John Lawson, our Graph Compiler Project Lead, will be speaking at the Performance, Portability, and Productivity in HPC Forum on ‘Experiences tuning SYCL libraries for varied hardware’ on the 1st September at 3.20pm.
Automated tuning of compute kernels is a popular area of research, mainly focused on finding optimal kernel parameters for a problem with fixed input sizes. This approach is good for problems where sizes and parameters are all known and fixed, but when deploying accelerated libraries into production environments this is often not the case. Traditional kernel auto-tuning has limited impact for these libraries where a wide range of different input parameters must be supported for each operation.

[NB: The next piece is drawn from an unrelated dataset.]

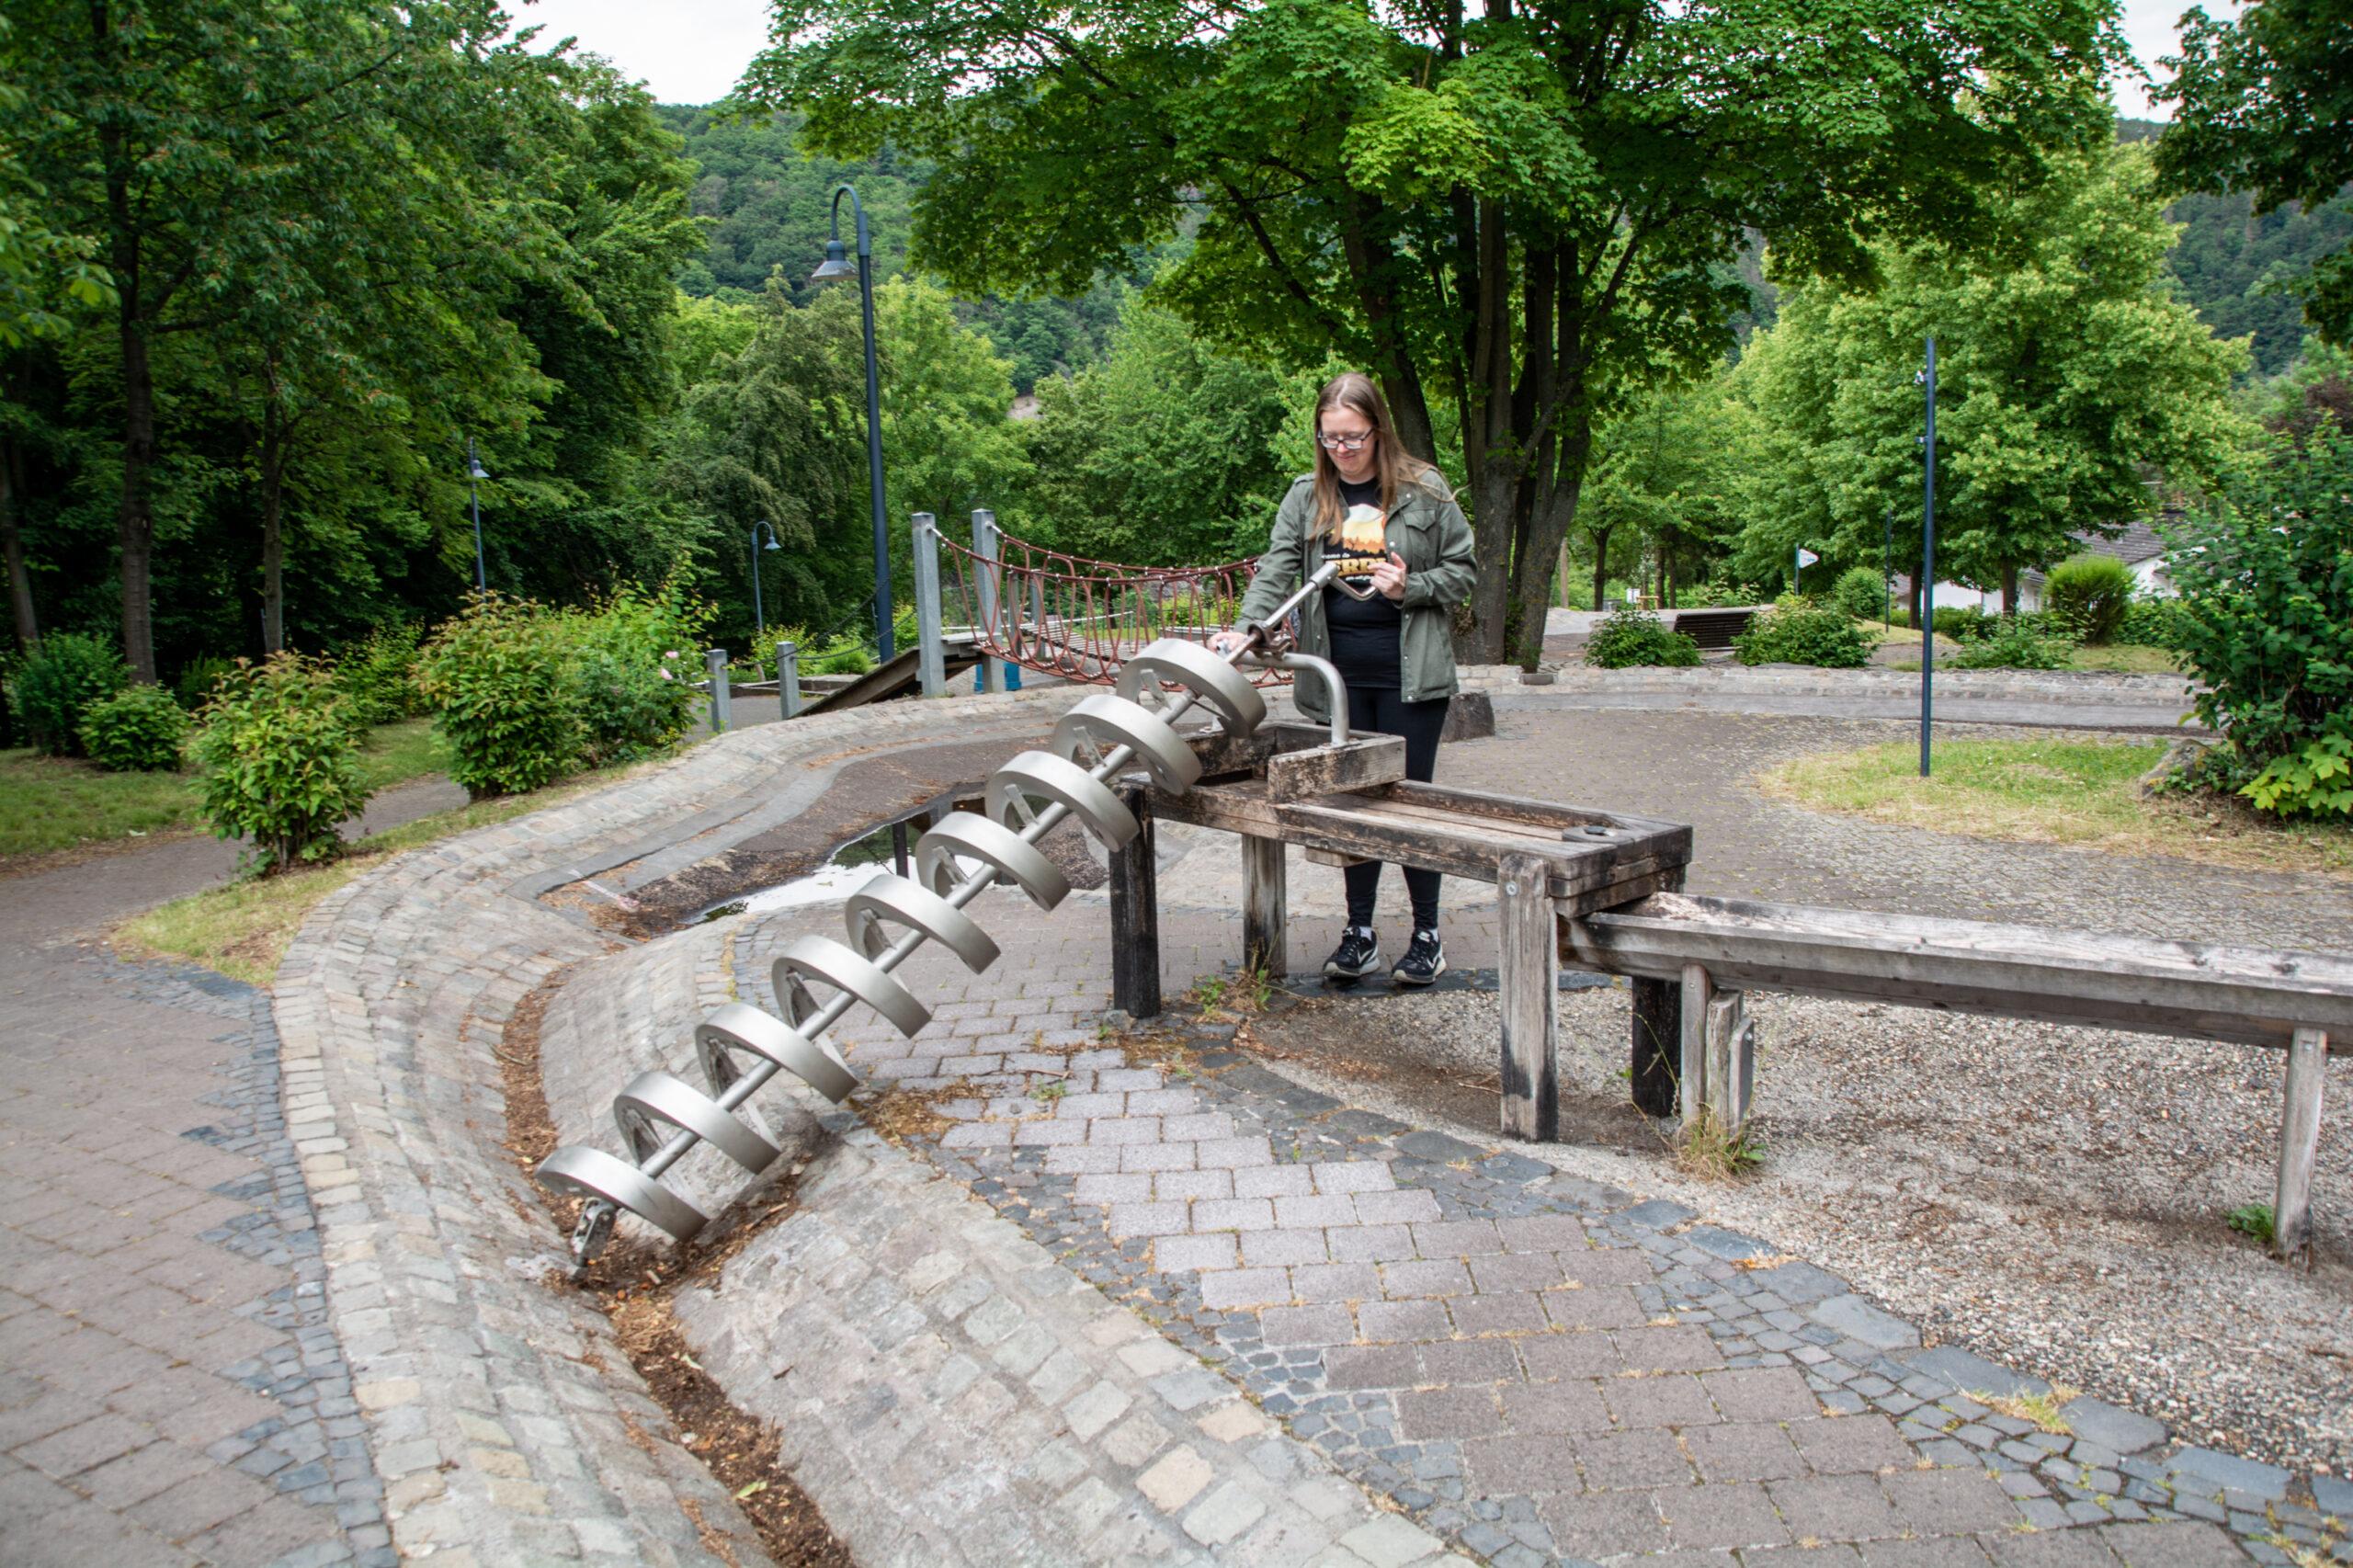 Edertalsperre | Edersee | Hessen

SYCL provides a platform agnostic high level framework for expressing heterogeneous programs that can run on a wide range of devices and so it is a good framework to use for accelerated compute libraries. A typical SYCL implementation will convert the kernels into an intermediate representation that is bundled with the final SYCL application or library. This places limits on the number of kernels that can be provided with an application without generating excessively large binaries.

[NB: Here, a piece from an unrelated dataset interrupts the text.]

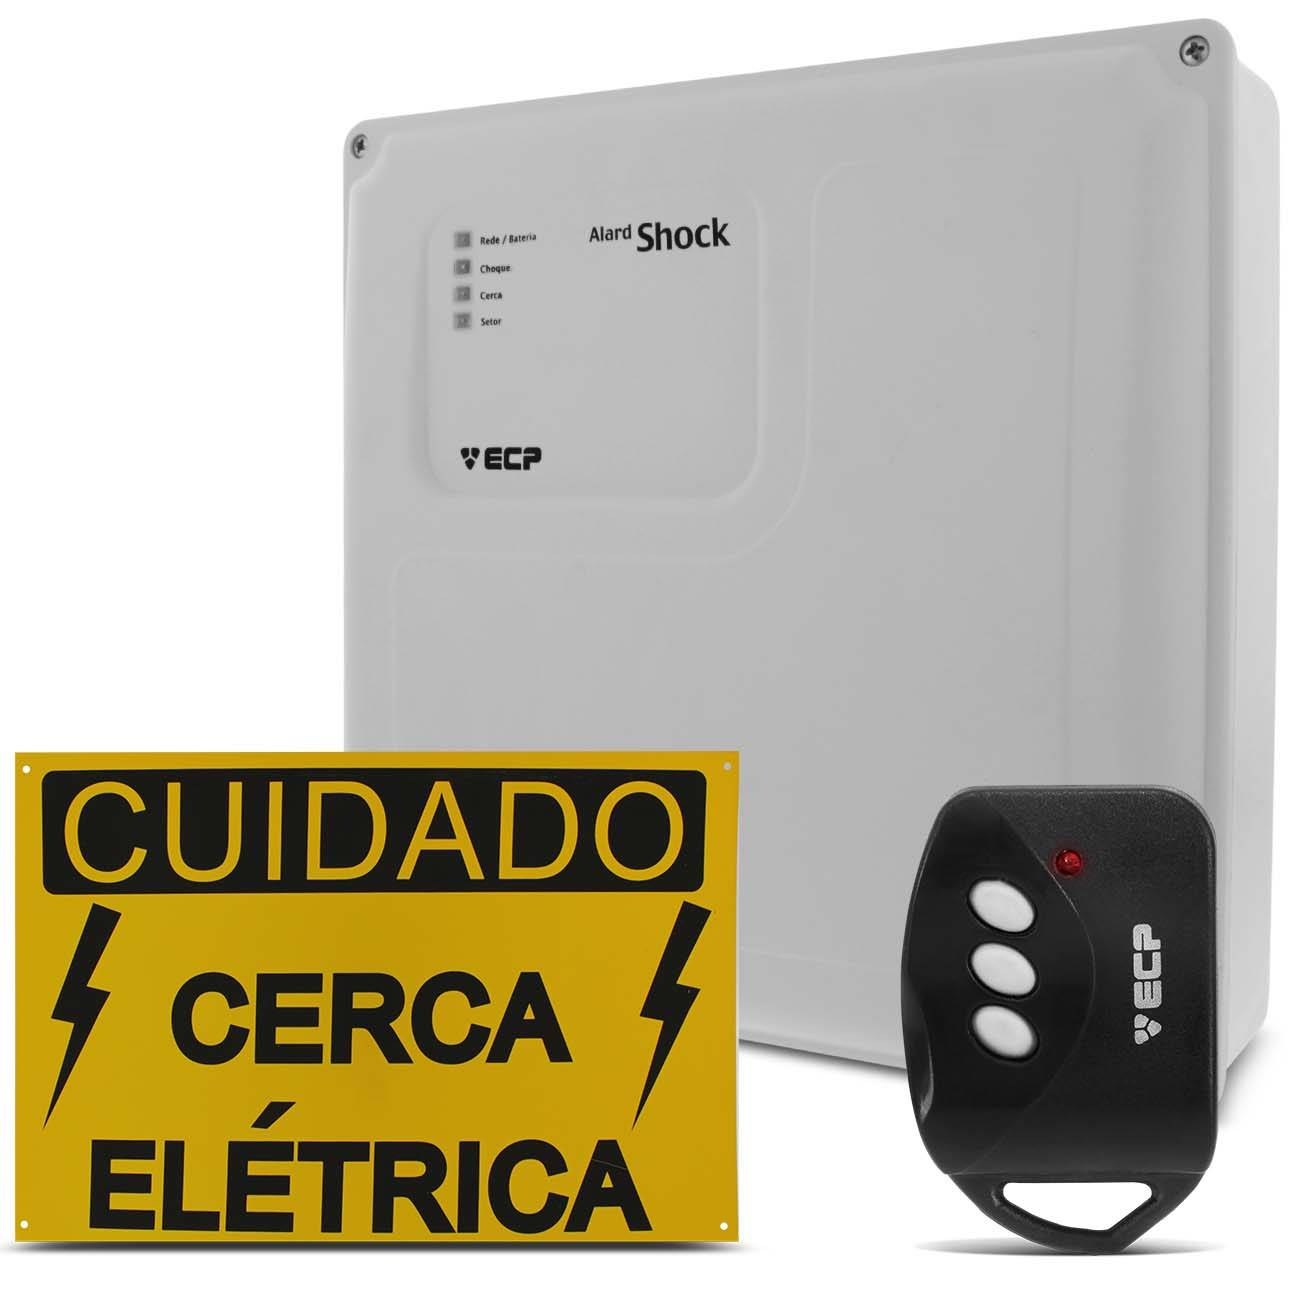 Central Painel Cerca Elétrica Ecp Alard Shock Control

At Codeplay we have developed compute libraries targeting varied devices from desktop GPUs to embedded accelerators, using machine learning to select which kernels to provide in the libraries to balance performance and binary size requirements.
In this talk John will discuss some of the challenges of auto tuning and deploying SYCL libraries as well as the work using machine learning to help select kernel parameters in order to easily adapt the libraries to achieve good performance on new devices.

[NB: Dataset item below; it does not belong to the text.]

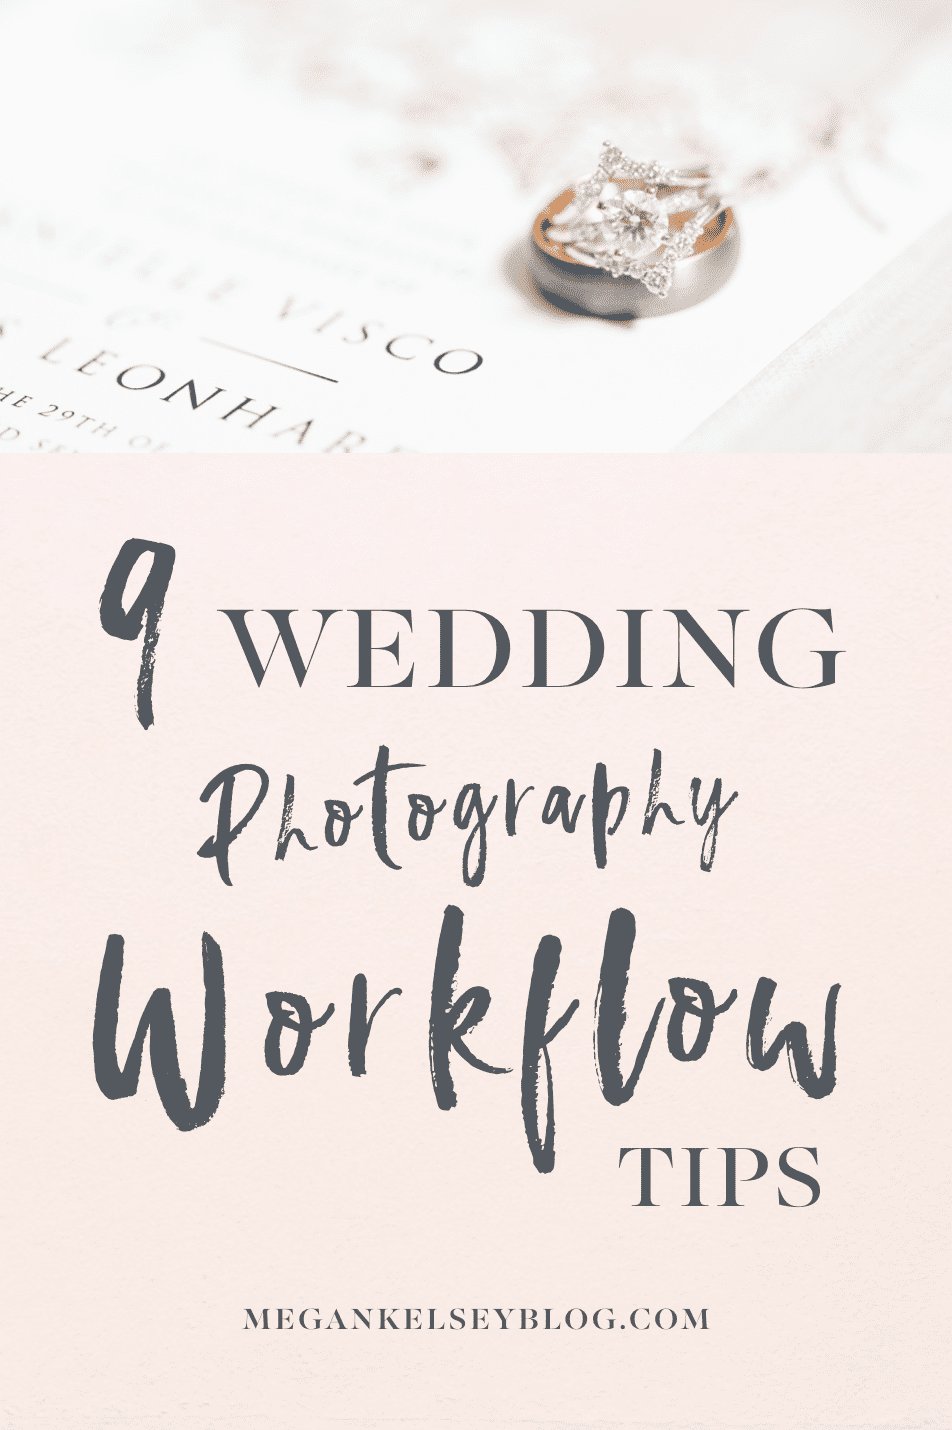 Wedding Photography Workflow Tips

The Performance, Portability, and Productivity in HPC (P3HPC) Forum is an opportunity to present on ideas and progress toward the goal of performance portability across current and future high performance computing platforms. The two primary goals of this meeting are to:
- Share best practices and ideas between application developers, hardware architects, and software architects, and to focus on the issue of achieving high performance across platforms without greatly sacrificing portability, productivity, and maintainability
- Identify major challenges toward the goal of performance, portability, and productivity, and work with vendors and tool providers on determining implementations and solutions
The HPC Forum are particularly interested in research that addresses the complexities of real-life applications and/or realistic workloads, the composability challenges arising from the use of bespoke solutions, and the desire to “future-proof” applications in the long term.